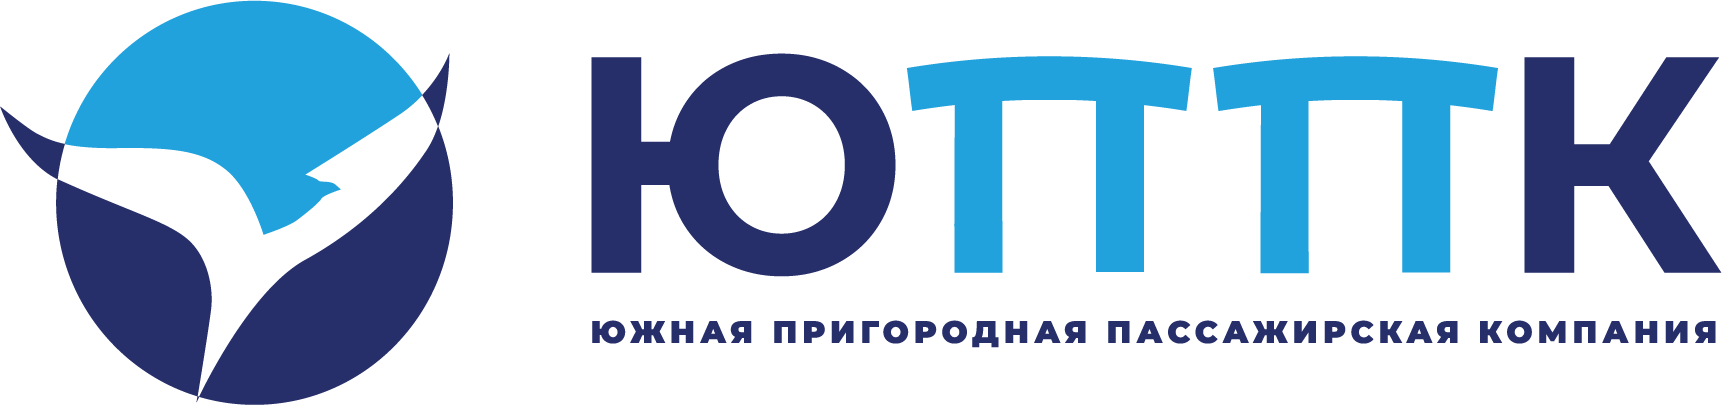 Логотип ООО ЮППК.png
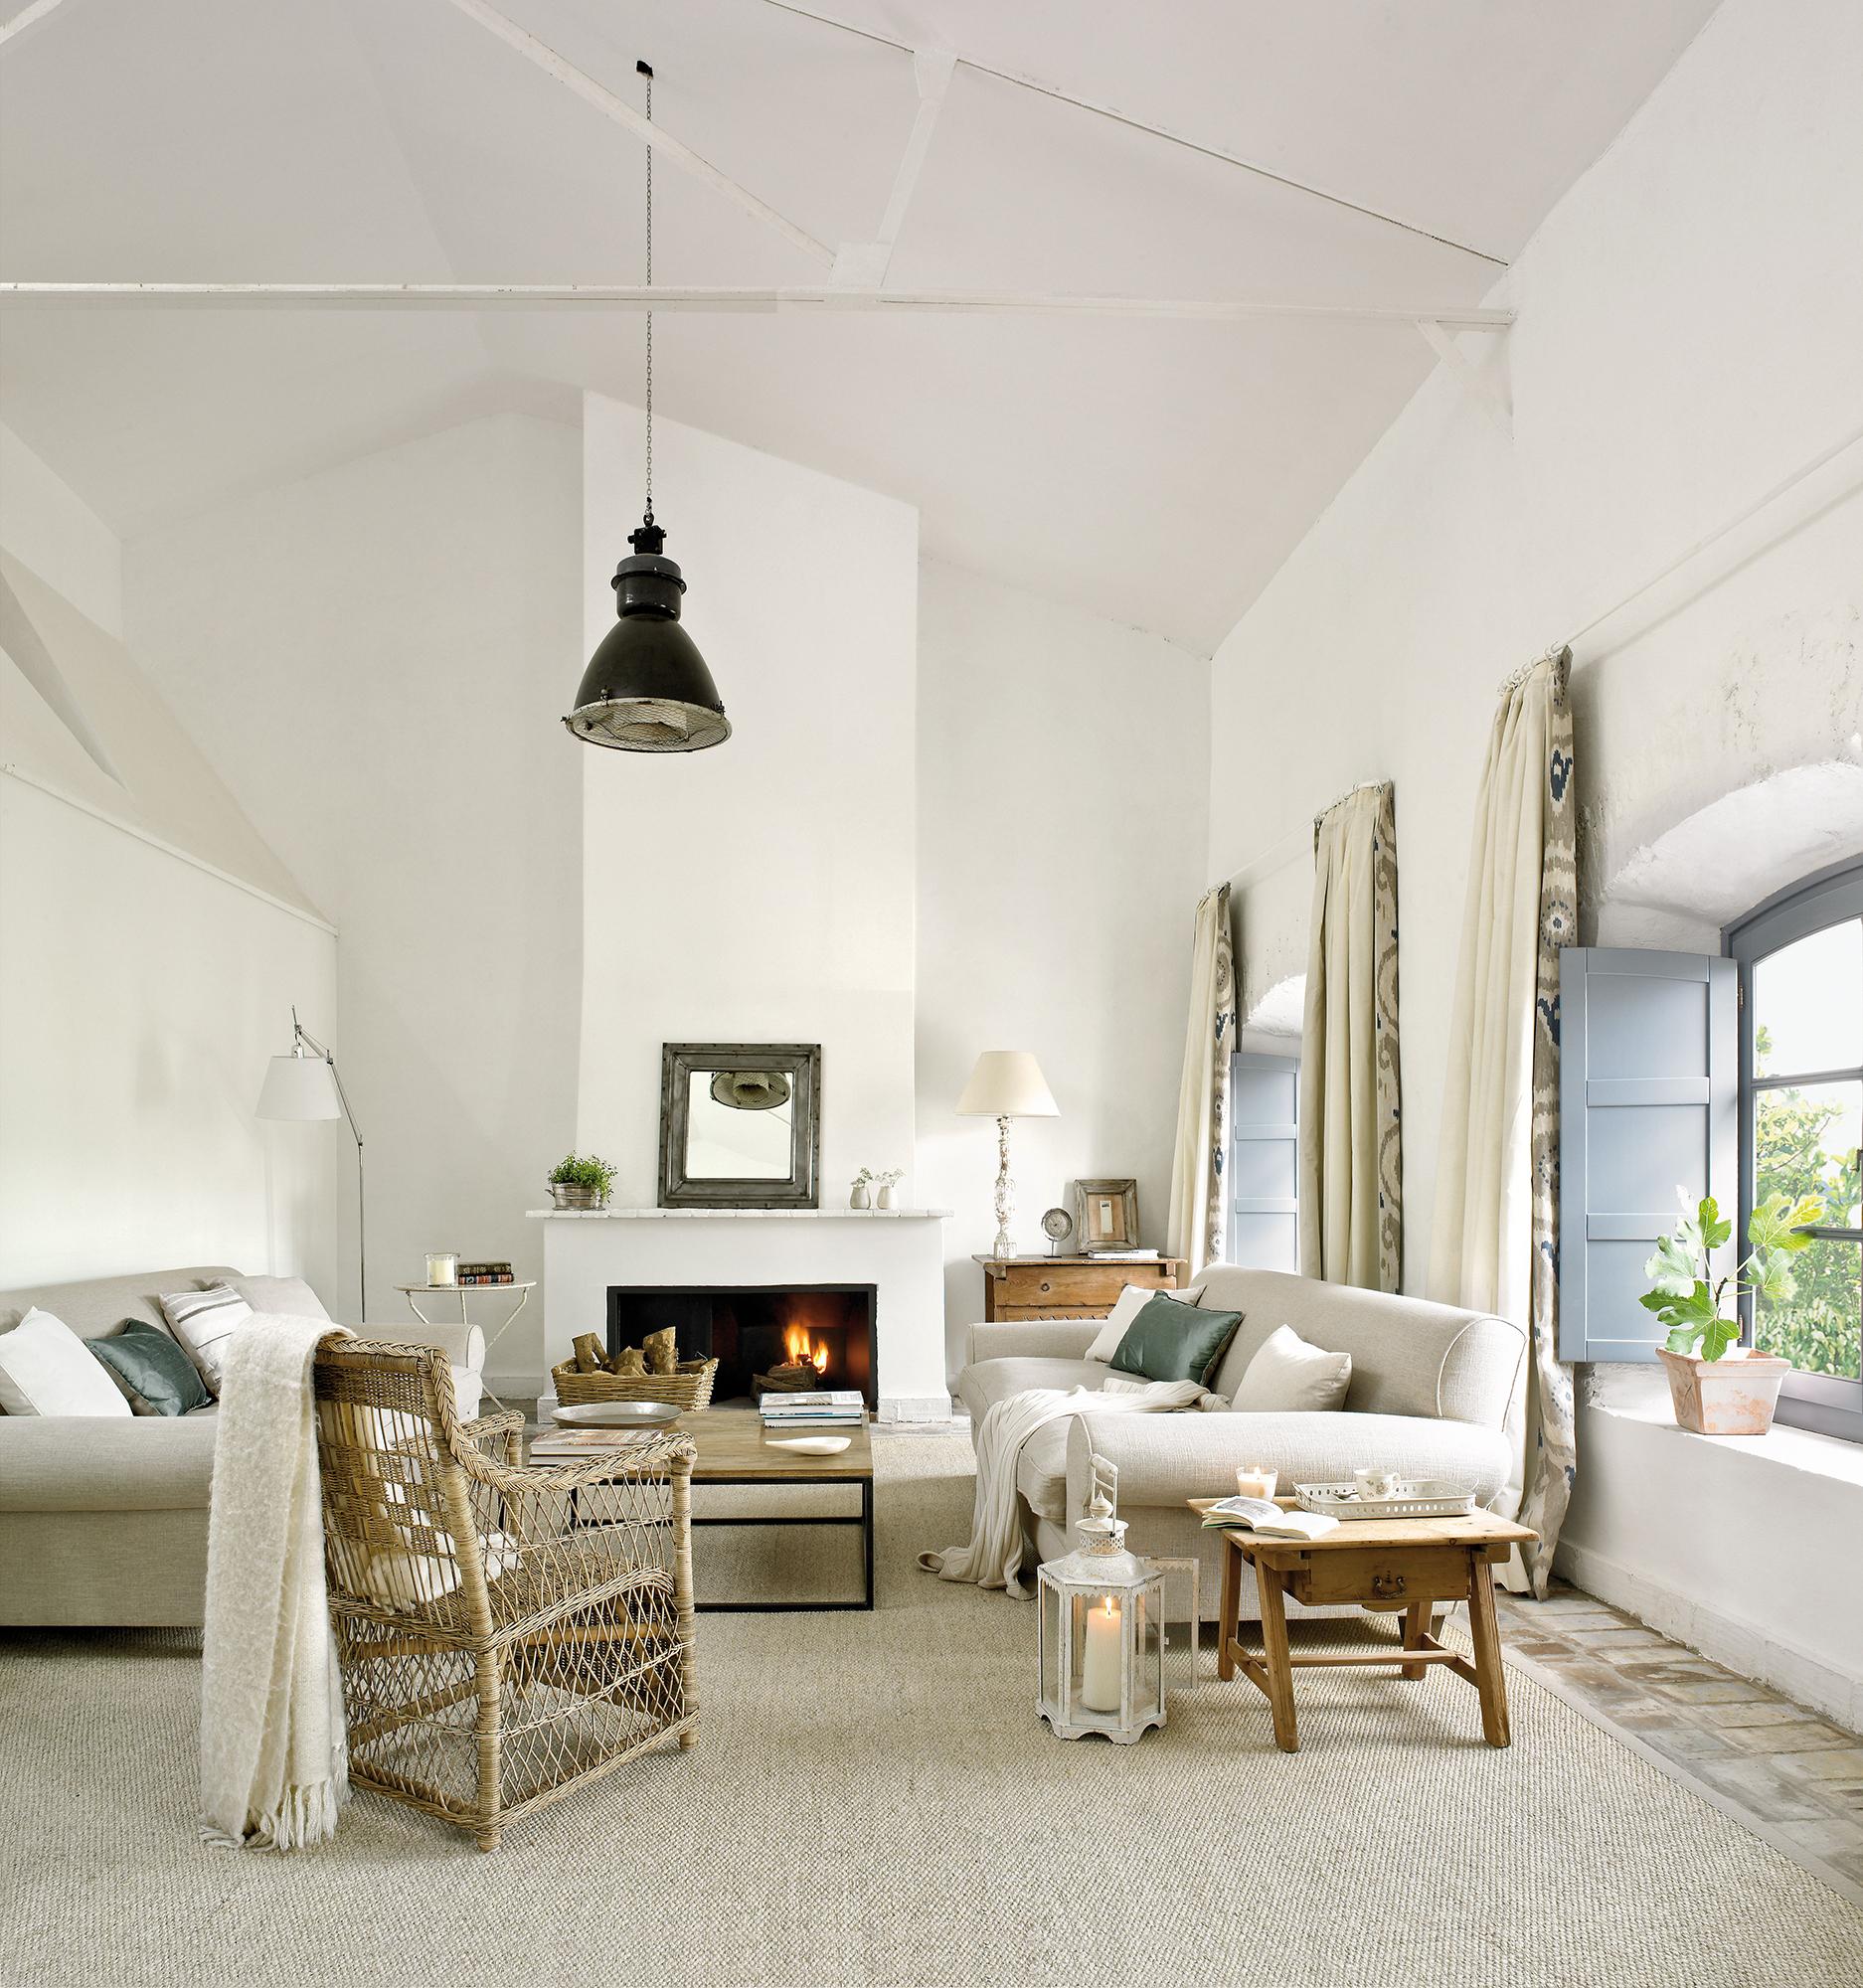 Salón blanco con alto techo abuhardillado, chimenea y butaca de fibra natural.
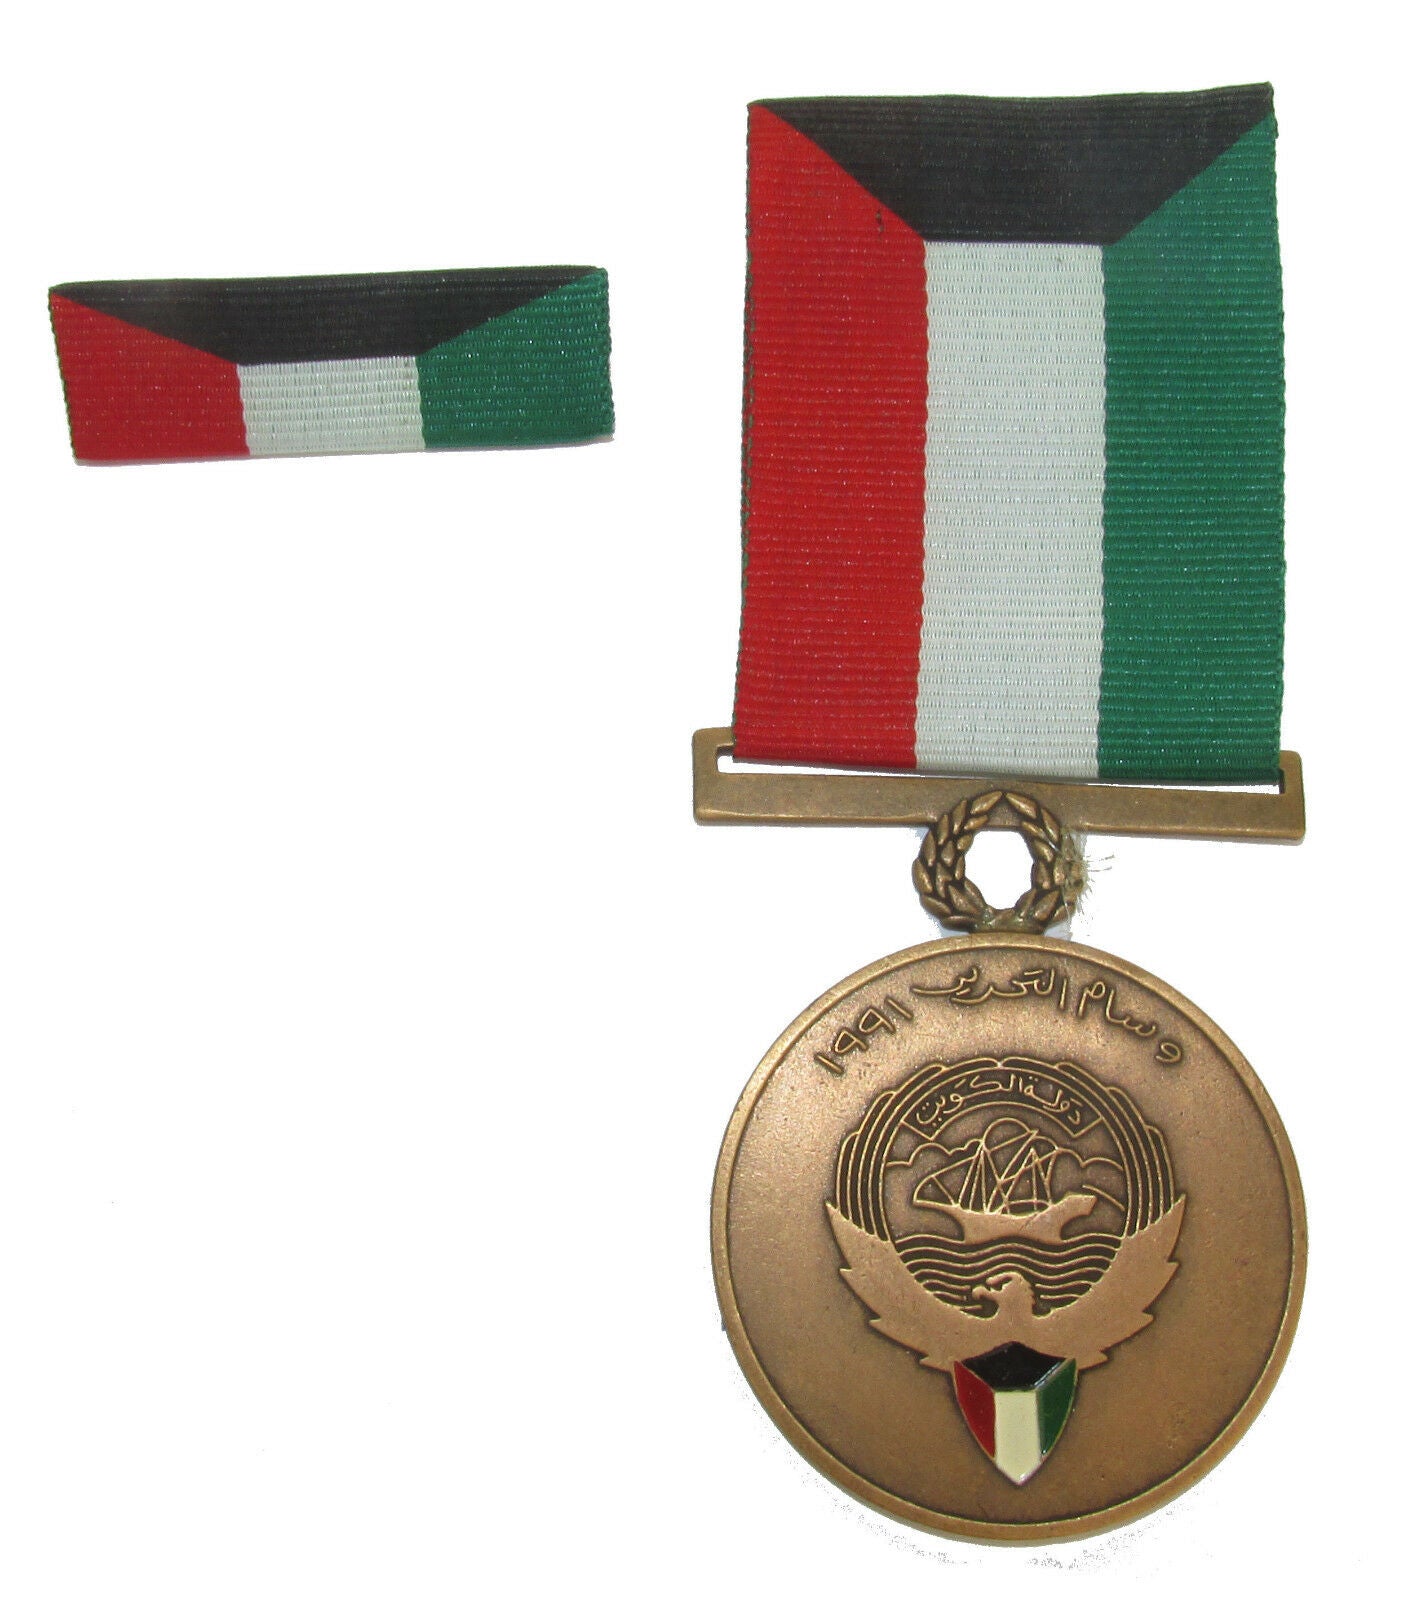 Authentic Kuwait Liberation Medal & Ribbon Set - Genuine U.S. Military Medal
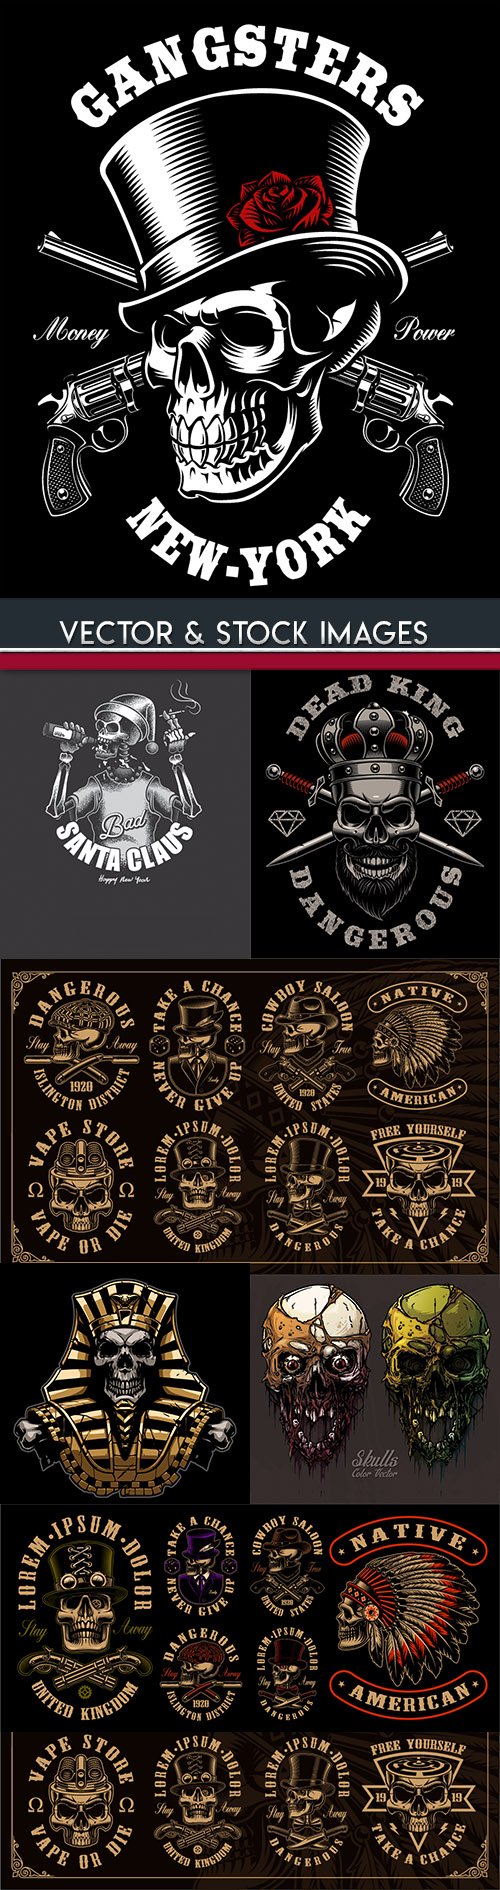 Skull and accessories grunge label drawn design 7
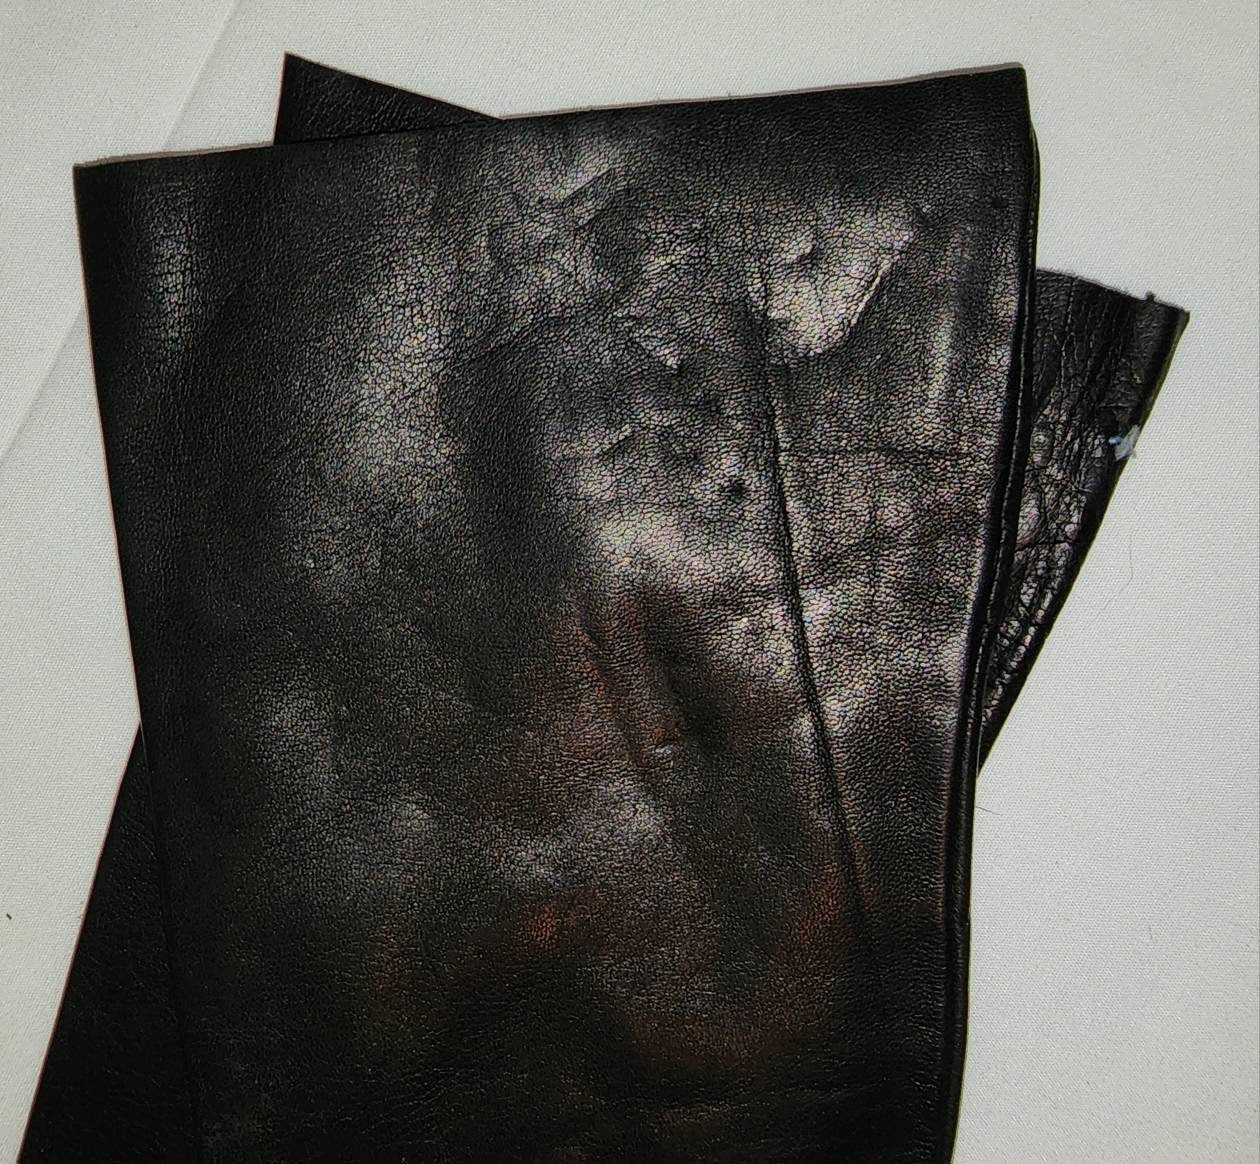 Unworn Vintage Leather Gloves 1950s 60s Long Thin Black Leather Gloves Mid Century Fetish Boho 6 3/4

= = = = = = =

- Your goal -
Retype, word for word, the line containing "Salón blanco con" and each line after it through the end of the data, leaving any picture out.

- Task result -
 Salón blanco con alto techo abuhardillado, chimenea y butaca de fibra natural.
 Authentic Kuwait Liberation Medal & Ribbon Set - Genuine U.S. Military Medal
 Skull and accessories grunge label drawn design 7
 Unworn Vintage Leather Gloves 1950s 60s Long Thin Black Leather Gloves Mid Century Fetish Boho 6 3/4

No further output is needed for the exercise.